== DATA BELOW ==
========================================================================
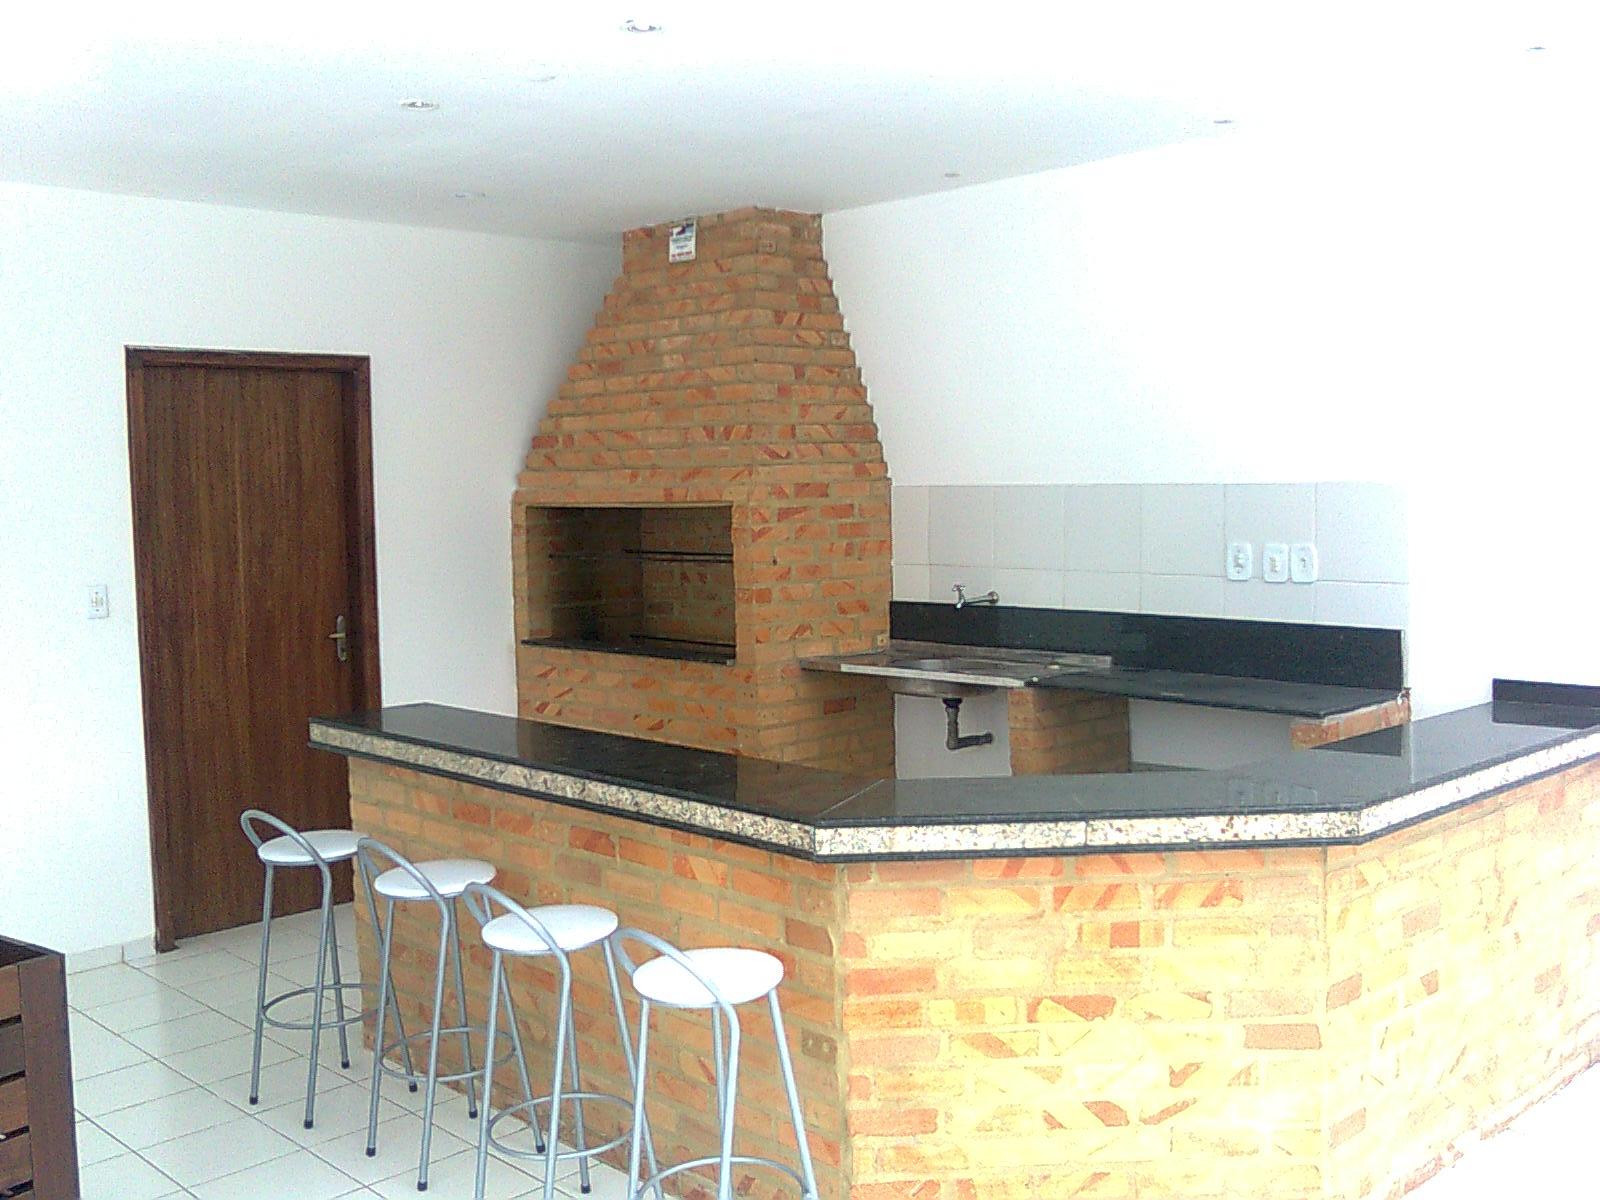 Foto de um espaço gourmet com churrasqueira e bancadas feitas com alvenaria de tijolo maciço
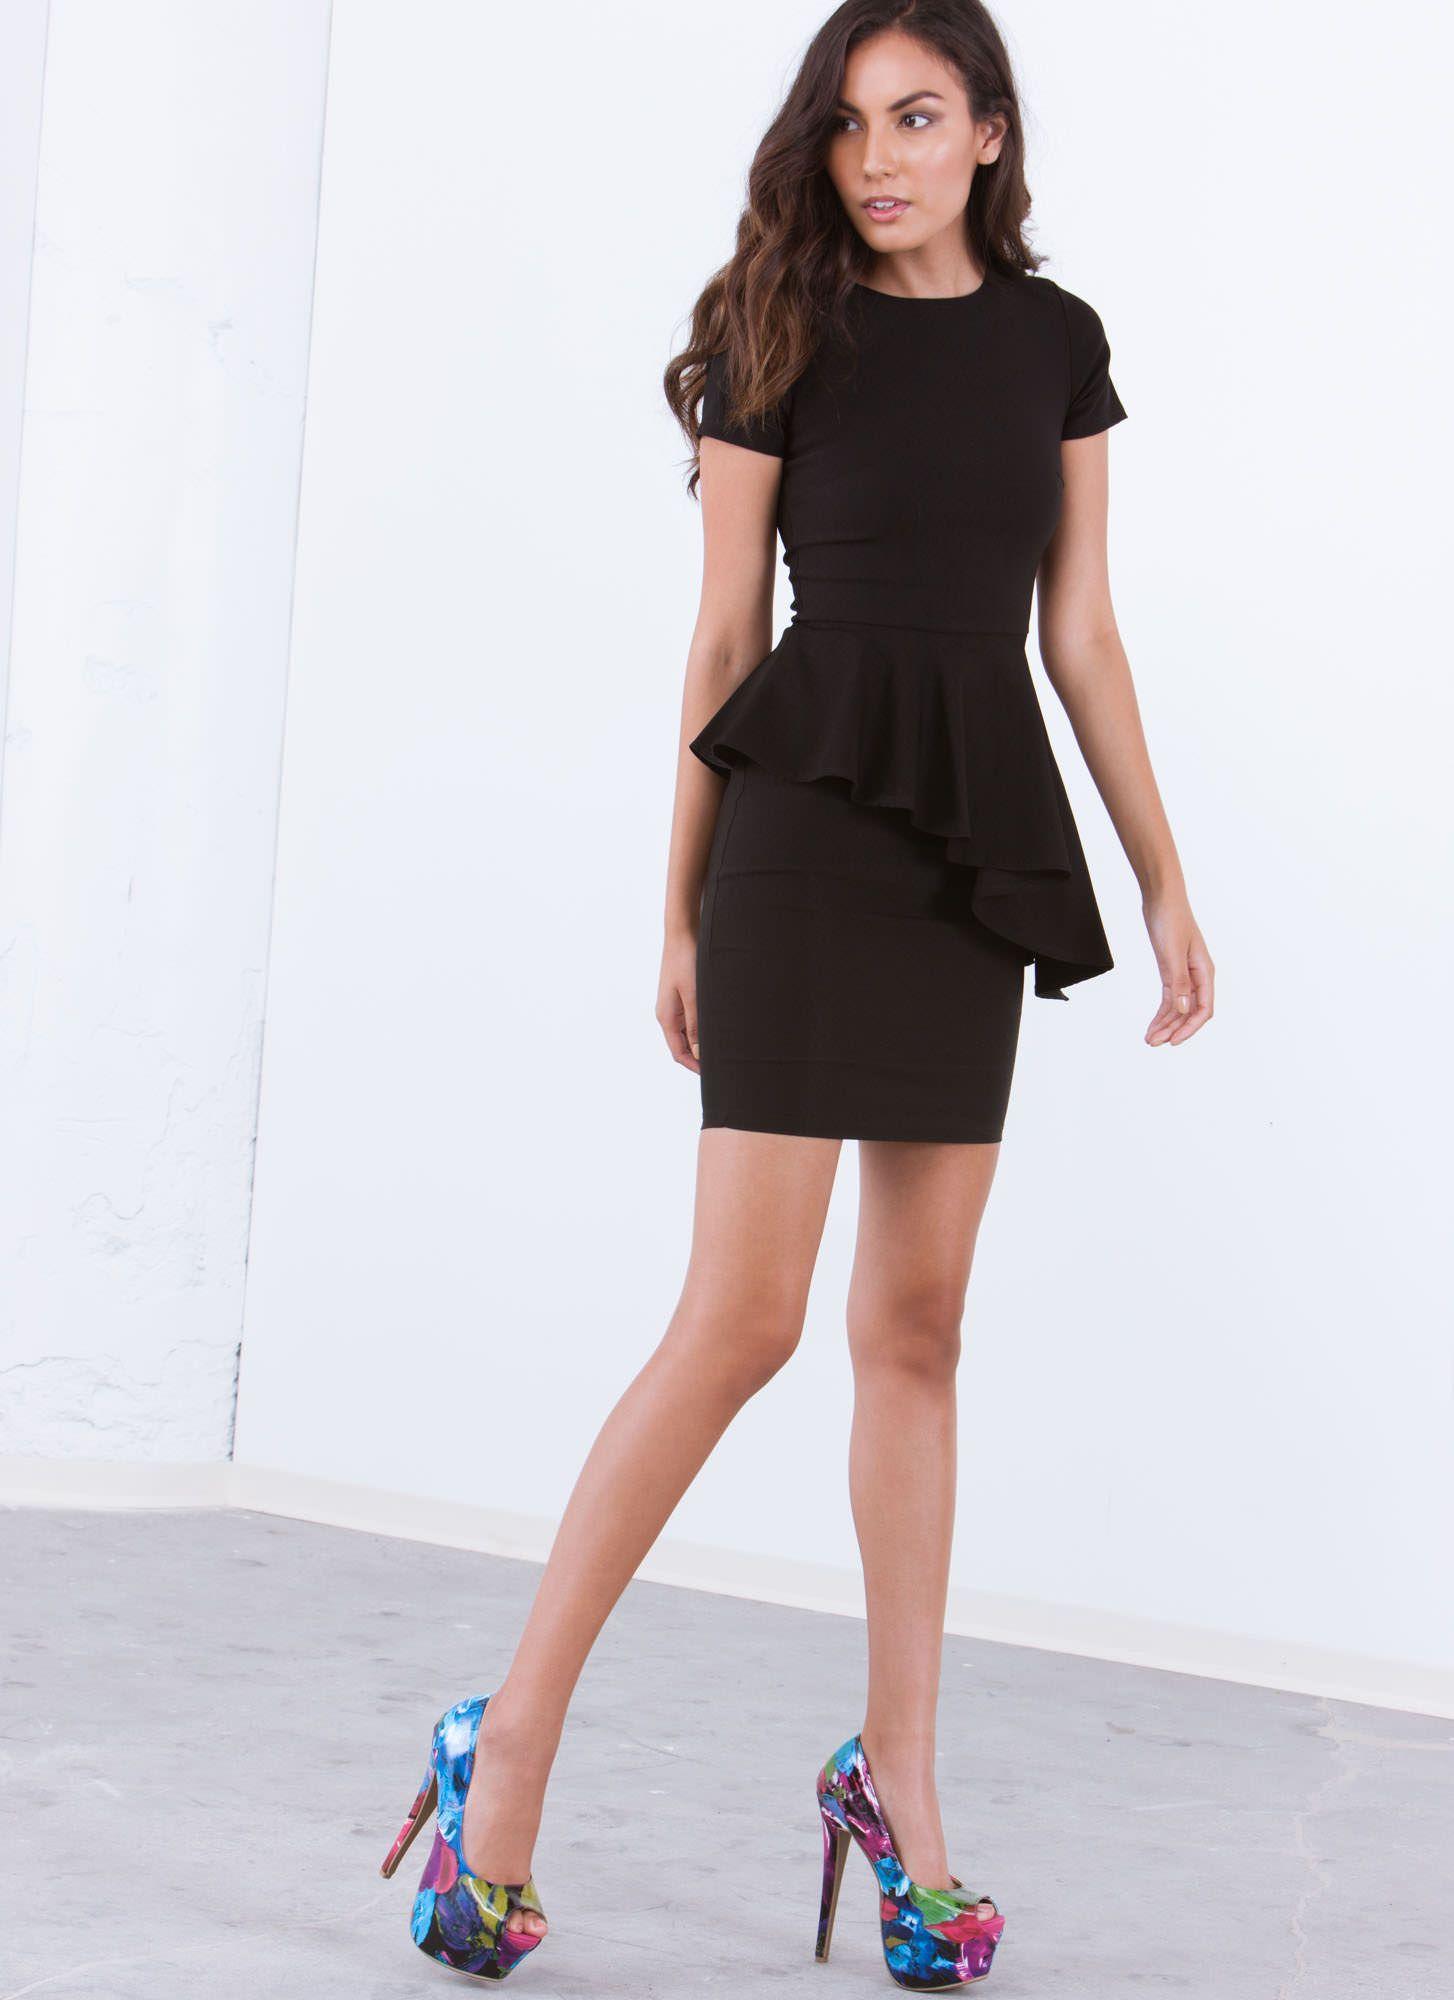 Ruffle Around The Edges Peplum Dress Dresses, Peplum
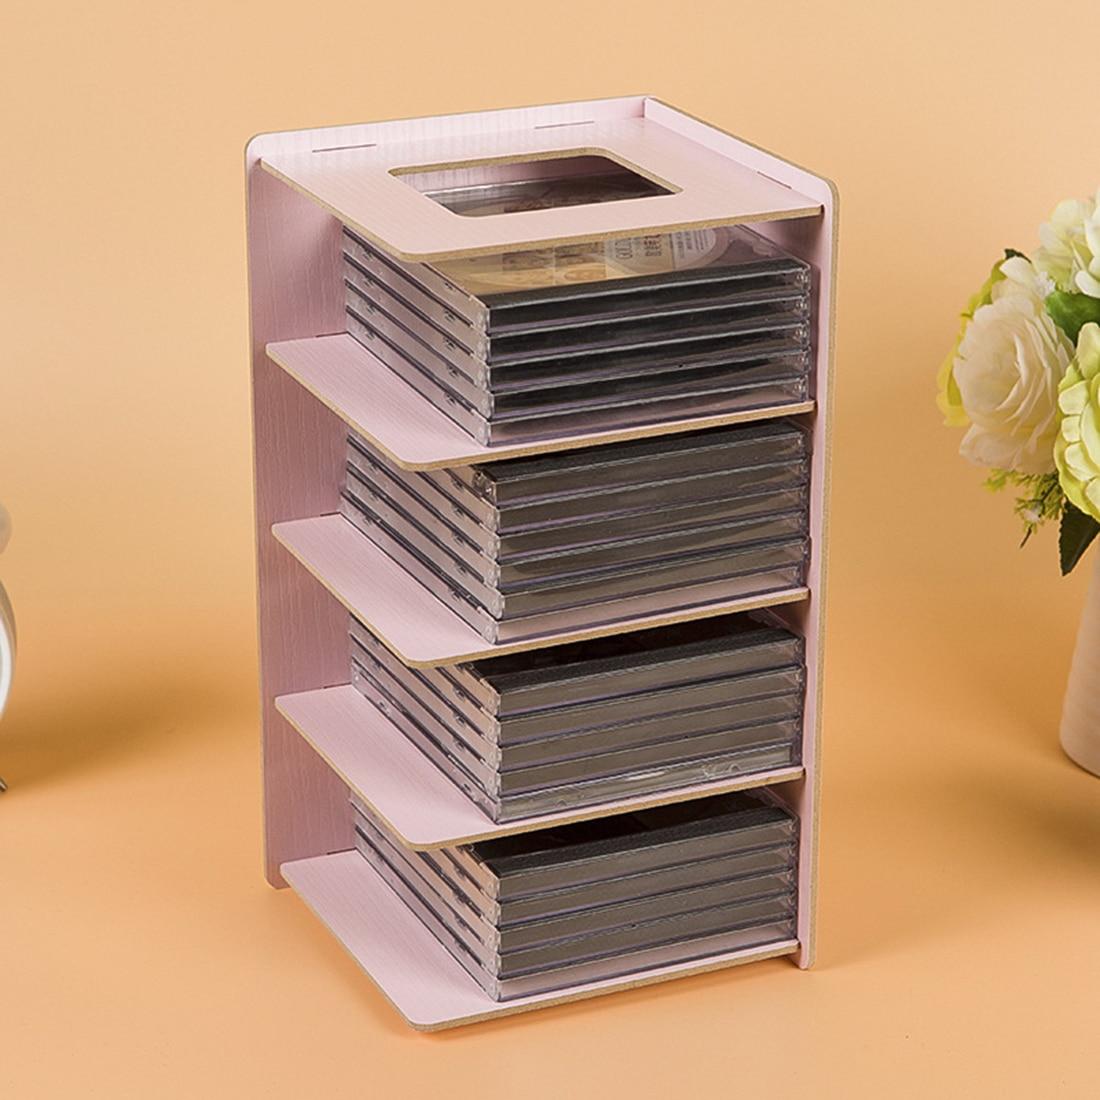 Kreative Holz DIY Desktop Buch CD Lagerung Sortierung Buchstützen Büro  Regale
========================================================================
== EXERCISE GOAL ==
Pictures are to be dropped, and the remaining data set down exactly.

== ANSWER ==
 Foto de um espaço gourmet com churrasqueira e bancadas feitas com alvenaria de tijolo maciço
 Ruffle Around The Edges Peplum Dress Dresses, Peplum
 Kreative Holz DIY Desktop Buch CD Lagerung Sortierung Buchstützen Büro  Regale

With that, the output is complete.